Buyer checklist before sampling

  1. Define the tote use case: retail gift-with-purchase, paid merchandise, event giveaway, or member welcome kit.
  2. Specify fabric in both oz and GSM, including whether it is natural, bleached, dyed, recycled cotton, or organic cotton.
  3. Provide finished bag dimensions with gusset, handle drop, handle width, and acceptable tolerance.
  4. Send vector artwork and Pantone references, not only a JPG logo pulled from a website.
  5. State print position in centimeters from top edge, side seam, and bottom seam to avoid visual drift.
  6. List required labels, hangtags, barcode stickers, country-of-origin markings, and polybag restrictions.
  7. Set sample approval rules for fabric hand feel, print color, stitching, odor, shrinkage, and packing presentation.
  8. Request carton dimensions, units per carton, gross weight, net weight, and pallet loading estimate if needed.
  9. Confirm inspection standard before deposit, including AQL level and critical, major, and minor defect examples.
  10. Build lead time around approved sample date, not only around deposit date.

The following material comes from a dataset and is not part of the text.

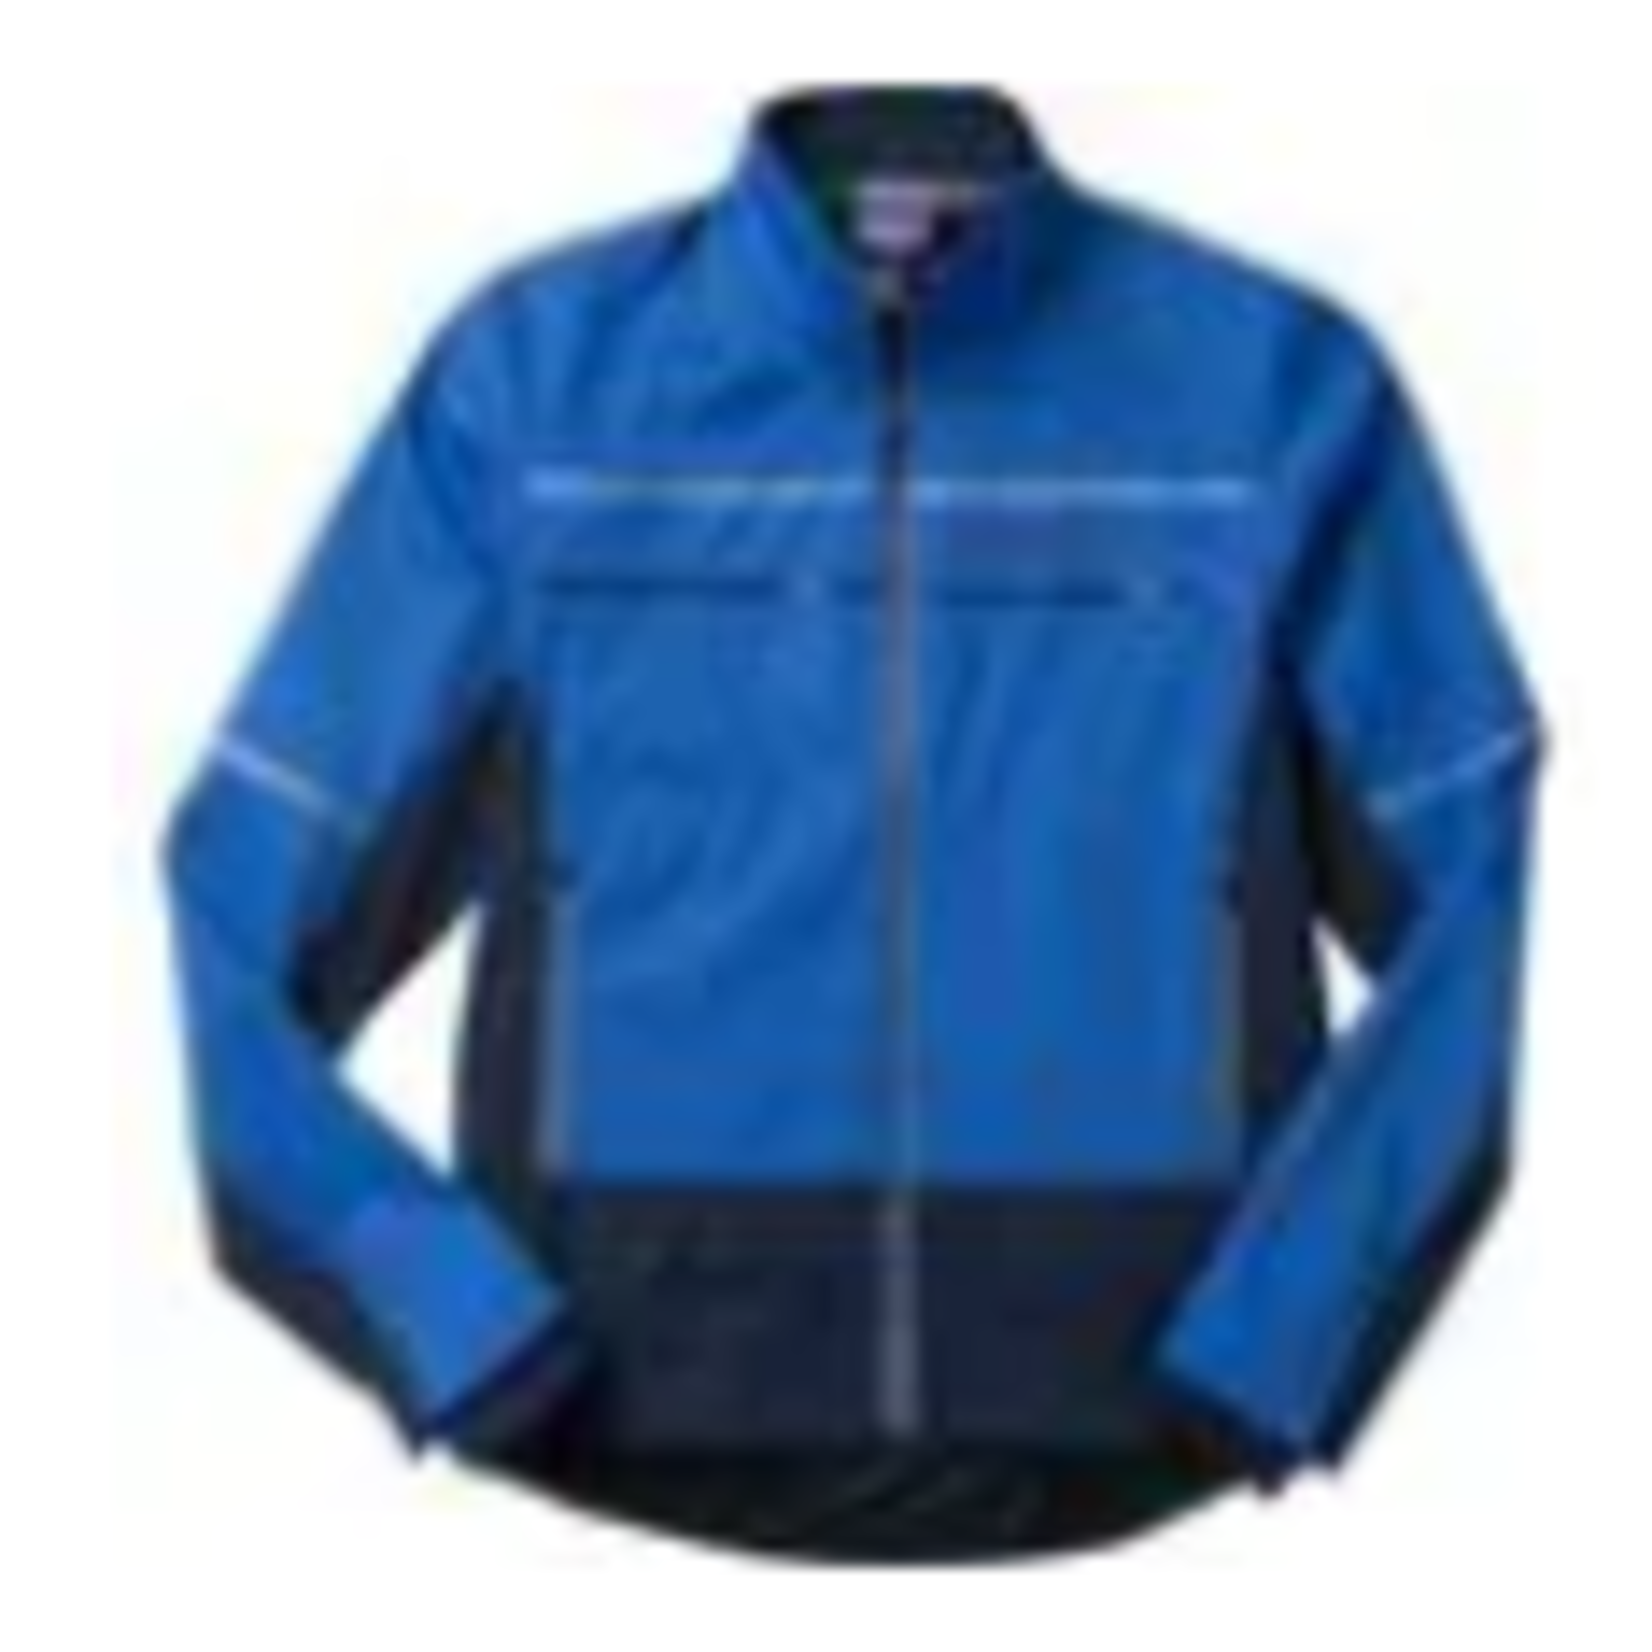 SWIX TOKKE Men's Light Softshell Jacket (72107) Olympian blue L
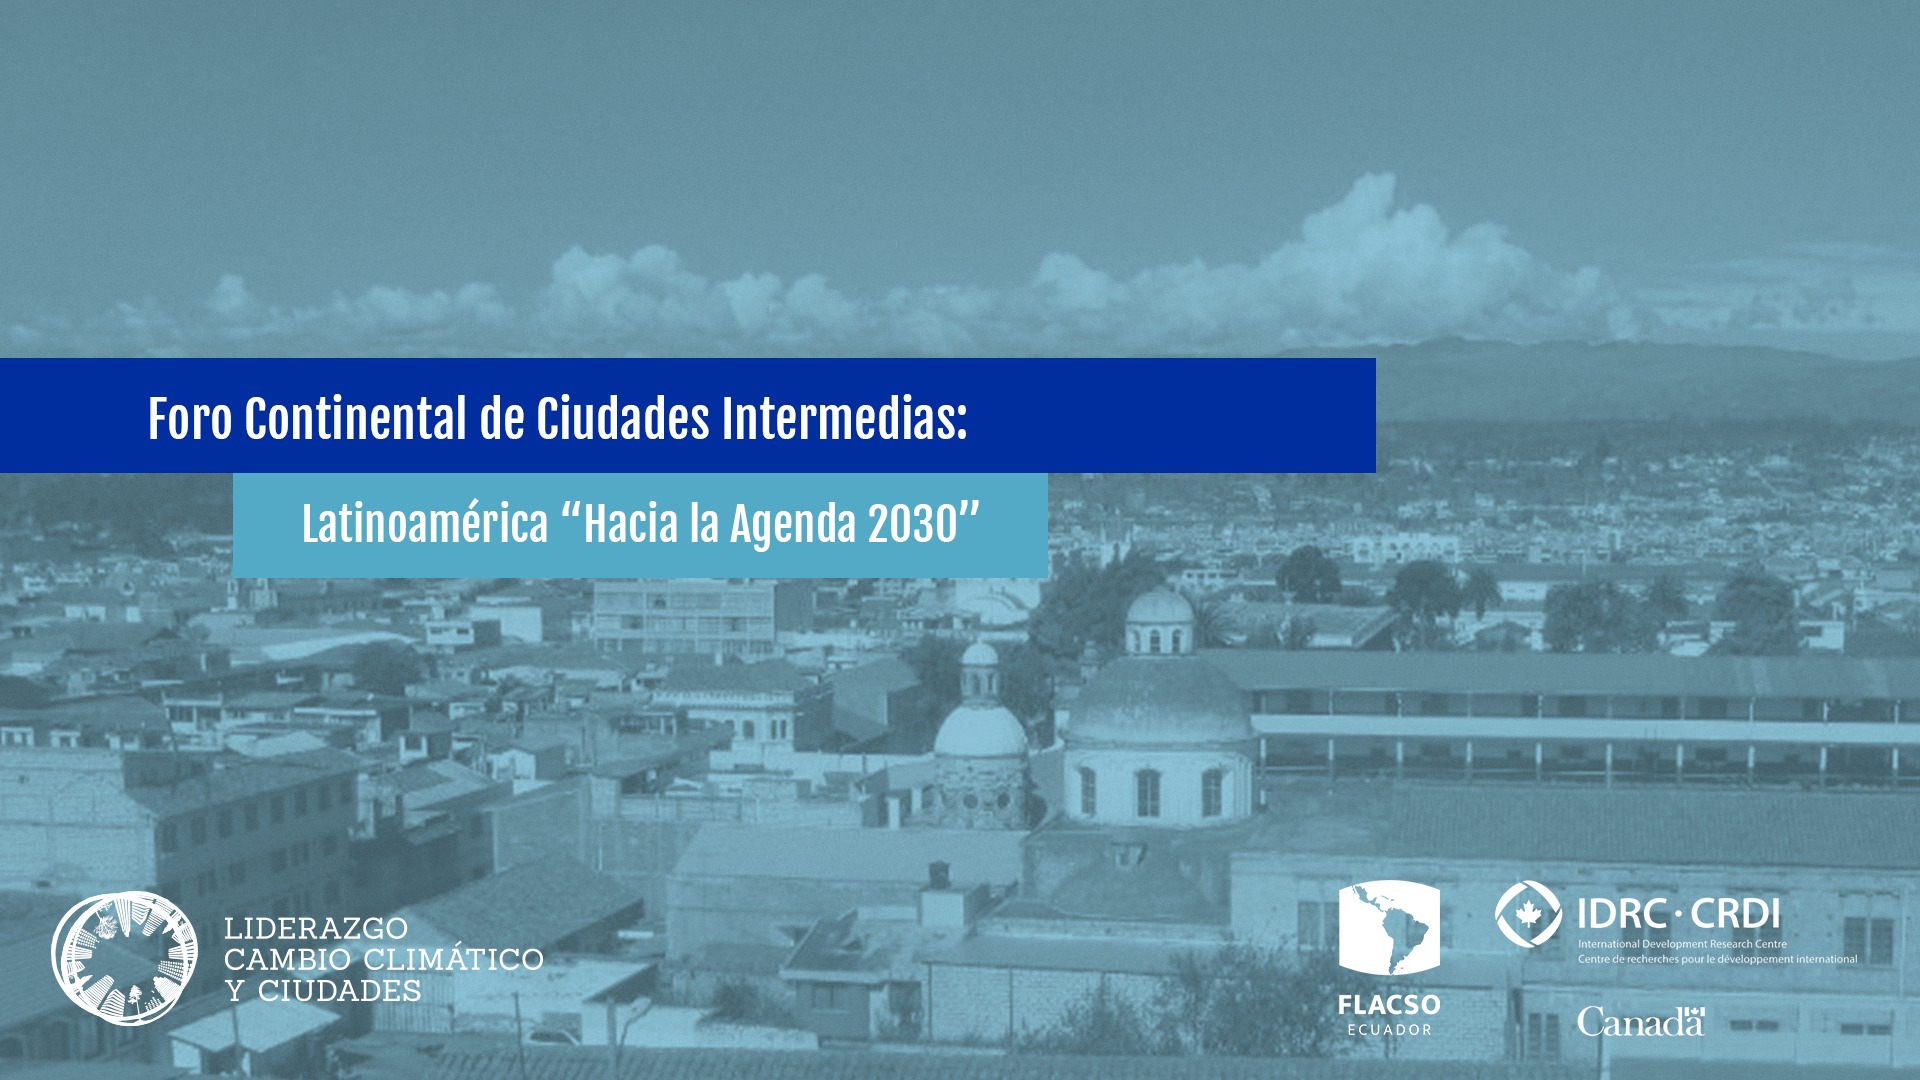 Foro Continental de Ciudades Intermedias: Latinoamérica “Hacia la Agenda 2030”

Factory quote questions to send

  1. What exact fabric weight will be used in oz and GSM, and is it in regular stock?
  2. Is the quoted canvas natural, bleached, dyed, recycled, organic, or blended cotton?
  3. What is the fabric shrinkage range after washing or steam, and is the bag intended to be washable?
  4. What handle reinforcement is included in the base quote, and what load test can the factory support?
  5. Which print method is quoted, how many colors are included, and what curing or wash-rub test is used?
  6. What is the MOQ for this fabric and print combination, and what changes if we add custom label or dyed fabric?
  7. What sample types are included: material swatch, print strike-off, pre-production sample, or sealed sample?
  8. What are the production tolerances for bag size, handle drop, print position, and color shade?
  9. How many pieces per export carton, and what carton size and weight should we use for landed-cost comparison?
  10. What inspection standard will be accepted before shipment, and can defects be sorted or repaired before release?

Quality-control points to confirm

  1. Fabric weight verified against approved swatch with reasonable GSM tolerance before cutting.
  2. Finished bag width, height, gusset, and handle drop measured against approved sample.
  3. Handle seams checked for skipped stitches, weak bartacks, loose threads, and symmetry.
  4. Print color compared with approved strike-off under consistent lighting, not only phone photos.
  5. Print adhesion, rub resistance, cracking, and edge sharpness checked before bulk packing.
  6. Canvas surface inspected for oil marks, weaving faults, dark yarn contamination, and excessive slubs.
  7. Interior seams and bottom gusset checked for fraying, uneven folding, and exposed raw edges if not specified.
  8. Odor, moisture, and mildew risk checked before sealing cartons for ocean shipment.
  9. Carton packing verified for quantity, folding method, carton strength, labels, and barcode placement.
  10. Final shipment documents matched against PO, packing list, country-of-origin rules, and buyer SKU data.